The Altair Community is migrating to a new platform to provide a better experience for you. In preparation for the migration, the Altair Community is on read-only mode from October 28 - November 6, 2024. Technical support via cases will continue to work as is. For any urgent requests from Students/Faculty members, please submit the form linked here
Cross Validation # of k's
Hey guys!
Just wondering is there any guidelines on how many validation (k's) is to be performed when doing cross-validation?
Let's say I have 100k data, how many is said to be enough or alright?
Tagged:
0
Answers
The default setting (10) has been a consensus for a long time.
Depending on your data and the stability of your models, you could get away with less or need more.
Try different values and look for the variance of both the main performance number and the calculated variance. if these stay stable, you have enough data and stable enough models so you can go with less iterations.

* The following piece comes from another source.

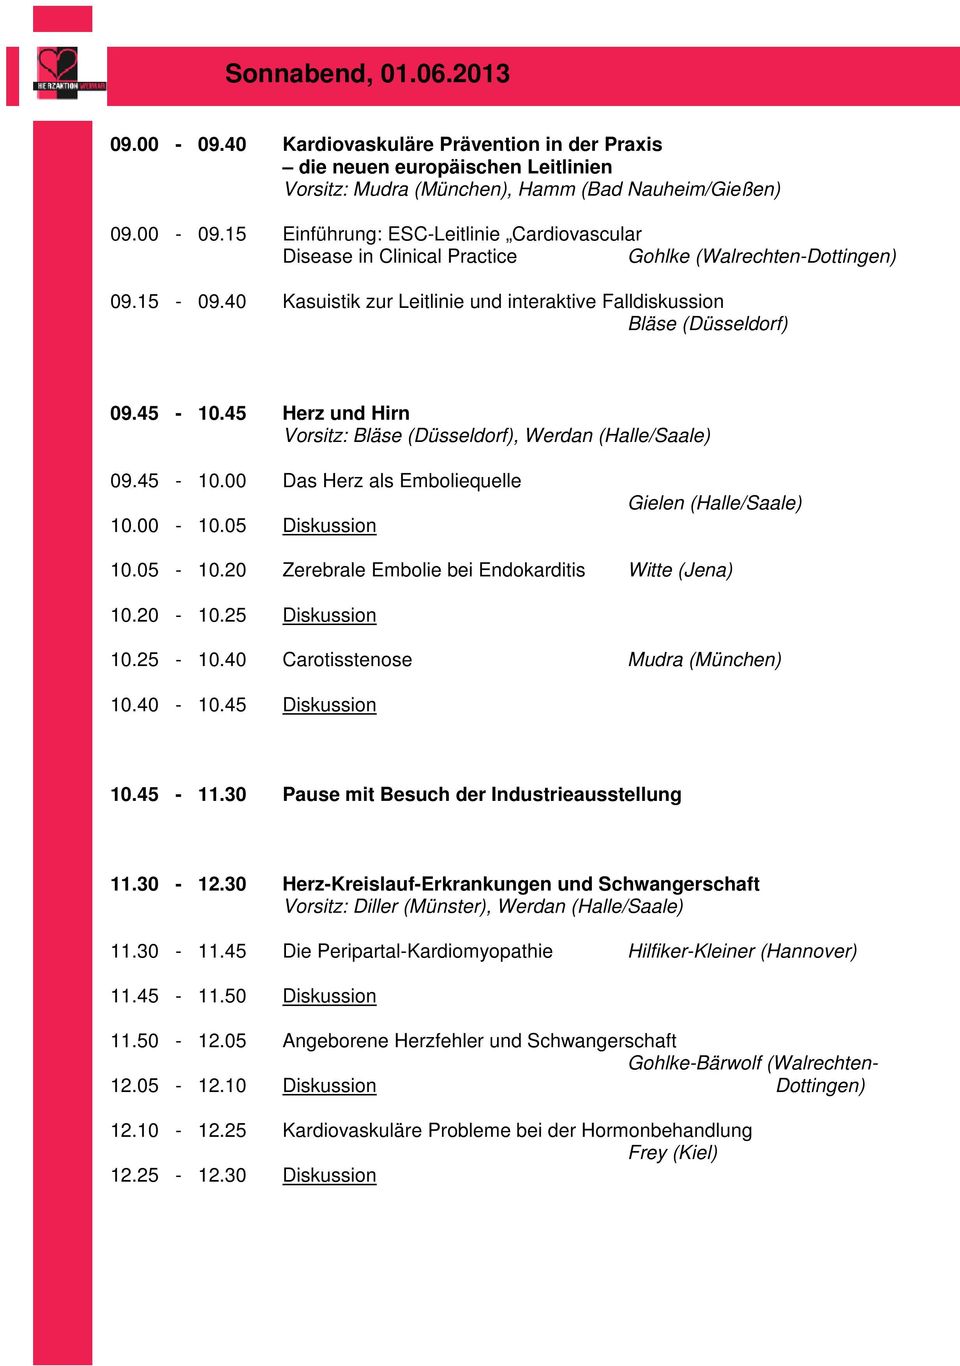 00-10.05 Diskussion Gielen (Halle/Saale) 10.05-10.20 Zerebrale Embolie bei Endokarditis Witte (Jena) 10.20-10.25 Diskussion 10.25-10.40 Carotisstenose Mudra (München) 10.40-10.45 Diskussion 10.45-11.

I agree with @BalazsBarany that 10 folds is the default consensus, but with large datasets, you can usually get away with 5. As noted, stability of the performance is the key measure. If you have a small dataset you might consider the leave-one-out option but for larger datasets it is not at all recommended.
Lindon Ventures
Data Science Consulting from Certified RapidMiner Experts
I agree and if you need a reference for that, then see: Ron Kohavi, A study of cross-validation and bootstrap for accuracy estimation and model selection, Proceedings of the 14th international joint conference on Artificial intelligence, p.1137-1143, August 20-25, 1995, Montreal, Quebec, Canada.
The choice of k is an example of the Bias-Variance trade-off present in every estimation.
The Leave-One-Out CV is the most unbiased one, but it can have a very high variance (the models trained using the same dataset but one point are highly correlated).
The CVs with decreasing value of k will tend to be more biased (overestimating) but with lower variance.
In practical terms, if the estimation of the model performance is very important you can do several CV with k ranging from 5-20, and then choose the one that has the maximum acceptable variance. If the estimation is not very important (i.e. is used only for feature selection or parameter optimization), then you can leave it at 10, or reduce to 5 if you need to do it fast.